CHAPTER XIV

THE ROYAL MANTLE

The week that followed was an unhappy one for Lloyd. Everywhere she went it seemed to her that lilies-of-the-valley were thrust into her face. On the way to town people got on the car at nearly every station with great bunches of them that they were carrying to offices or to their friends. The florists' windows were full of them. Men passed her on the street wearing them on their coats, and even the little shop-girl, who waited on her at the ribbon counter, had them stuck in her belt. When she called at Mrs. Bisbee's there was a box of them growing on her window-sill, and at home the whole house was permeated by the fragrance that floated out from the great crystal bowl on the library table. She could not get away from them, and they kept Rob constantly in her thoughts.

She told herself that she had never known anything quite so considerate and sweet as the way he had taken her answer. The more she thought of his quick putting aside of self in order that she might not be unhappy, the more it grieved her that he must be disappointed. She did not see him again until the following Sunday. He came into church behind the old Judge and Mrs. Moore, and Lloyd dropped her eyes to her hymn-book, her heart in such a flutter that it sent a queer little tingle all over her. She was afraid to meet his glance, for fear the consciousness of their last meeting would send the telltale red to her face.
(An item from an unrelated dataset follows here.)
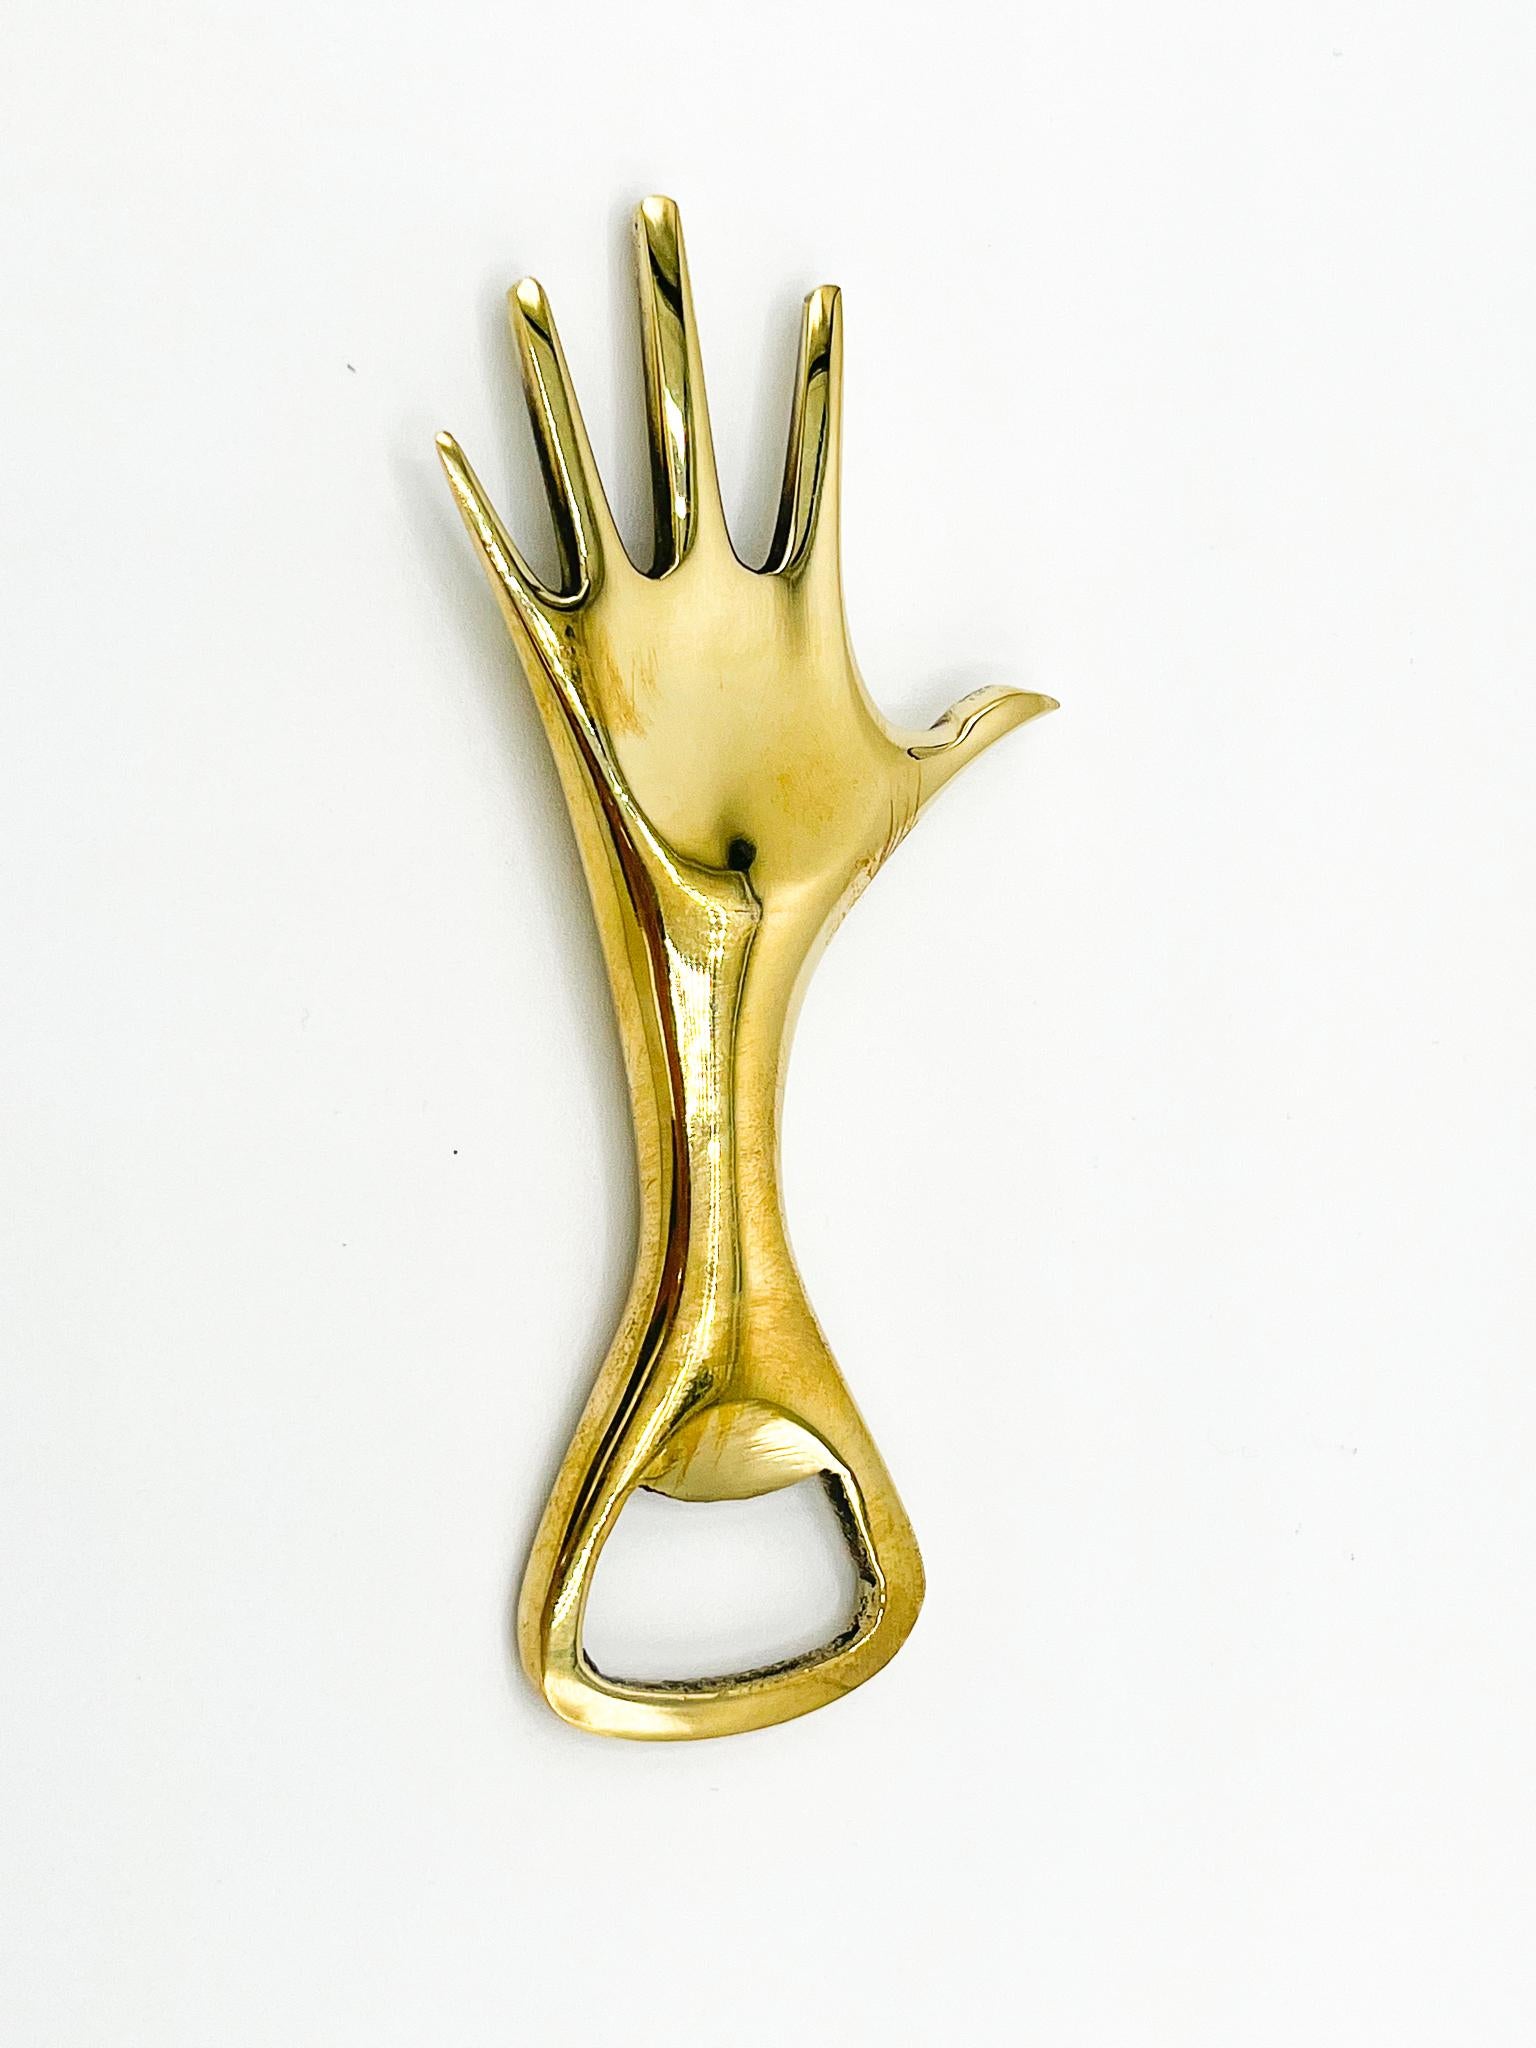 Contemporary Carl Aubock Polished Brass Hand Bottle Opener #4224 For Sale
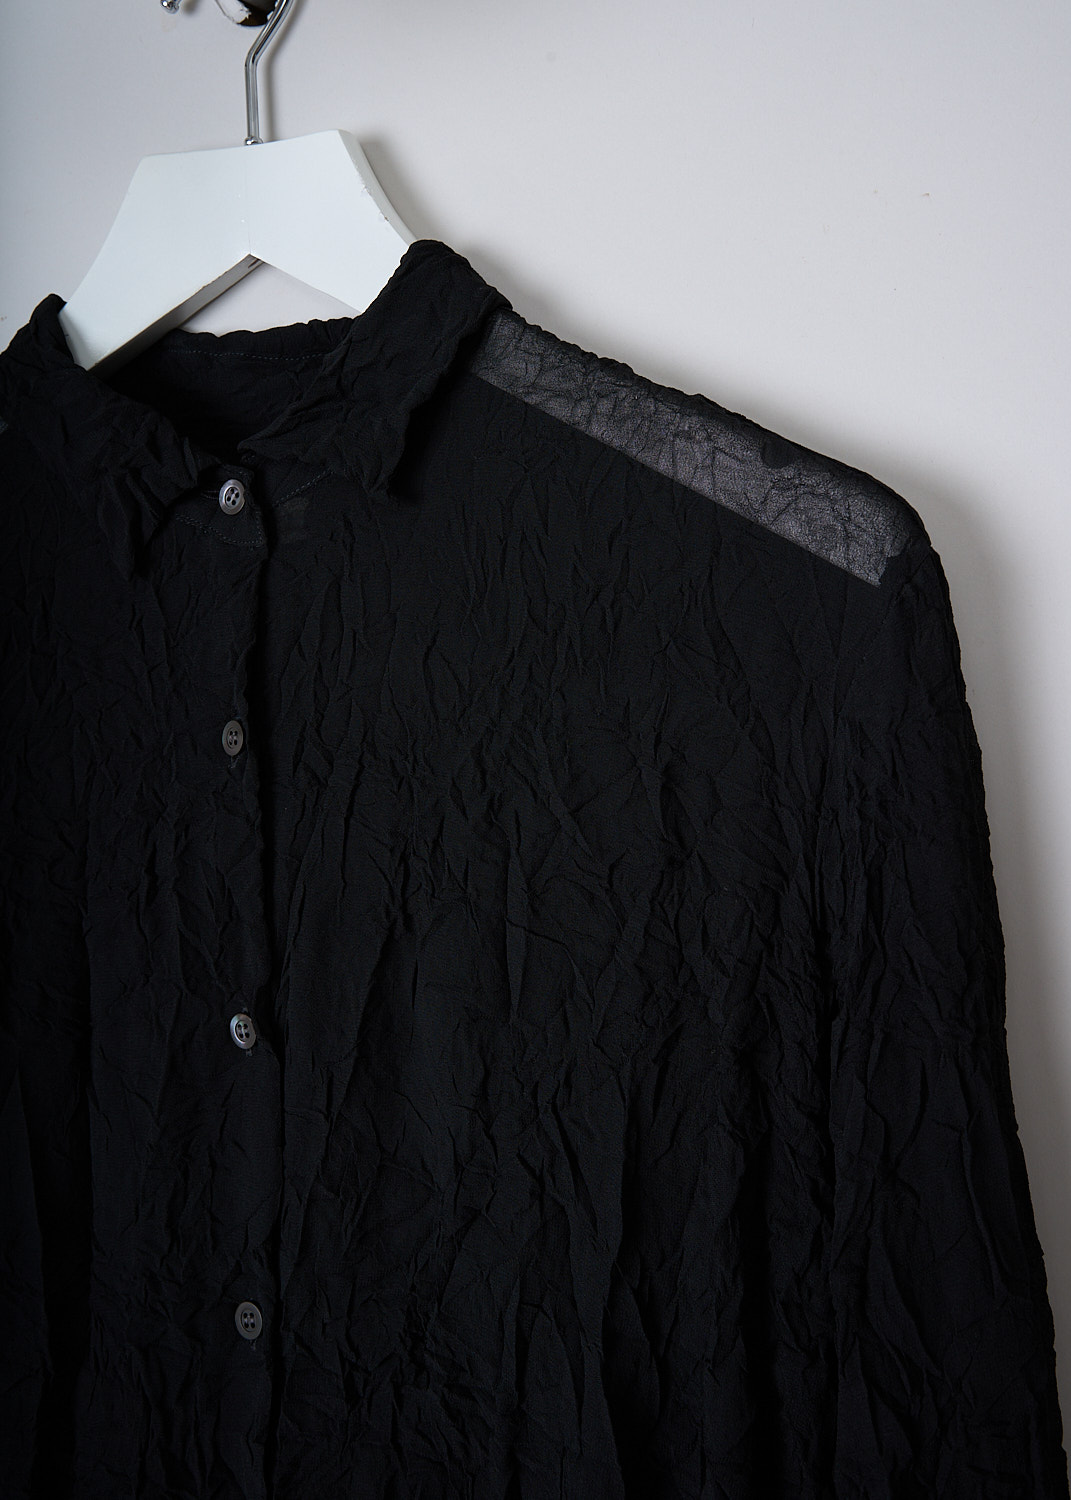 DRIES VAN NOTEN, BLACK CRUSHED BLOUSE, CRUSHED_6265_WW_SHIRT_BLACK, Black, Detail, This crushed black blouse has a spread collar and a front button closure. The blouse is slightly see-though. The long sleeves have buttoned cuffs.

In the pew just behind the Moores' sat Katie Mallard with a girl from Frankfort, who was visiting her, and as Rob took his seat Lloyd saw the guest's pretty eyes fixed inquiringly on him. Then she whispered something to Katie behind her fan. Instantly the wonder crossed Lloyd's mind what the newcomer thought of him, and then she wondered how he would appear to her if she could see him with the eyes of a stranger, without the intimate knowledge their long acquaintance had given her.

She stole a glance in his direction, as the organist pulled out the stops and struck the opening chords of the voluntary. He was certainly good to look at, and, she concluded, the veriest stranger, if he were any judge at all of such things, must see at a glance that his was a strong character, that he would scorn to do a dishonourable thing and that the years behind him were clean and honest. Then with a start she realized that she had been holding him up to her silver yardstick, and that he not only met its three requirements, but went far beyond. He had family, social position, everything that her father had desired for her save wealth, and she remembered how earnestly he had added, on that solemn watch-night, "but all these are nothing when weighed in the balance with the love of an honest man."

This greatest of all had been given her, but she could not accept because—well, she didn't know why—but probably because it was just Bobby who had offered it, and she couldn't think of him as being the one the stars had destined for her—a boy that she had made mud pies with. The old Hildegarde story had been good for her in many ways, but it had made the prince of her dreams a vague personality unlike any man she had ever met. She had never put into words, even to herself, what she expected him to be like, but the shadowy image that her imagination sometimes held up had no flaw like ordinary mortals, no human faults and failings. And she would know him when he came, in some strange, mysterious way that needed no speech—his coming would be heralded like Hebe's: "Before her ran an influence sweet, that bowed my heart like barley bending."

The congregation rose for the Gloria and her eyes met Rob's. For one instant in the quick lighting of his face she had a revelation of all that his "miracle of blossoming" meant to him, then he flashed her a reassuring smile that seemed to say: "Never mind, old chum. We'll go on just as we've always done."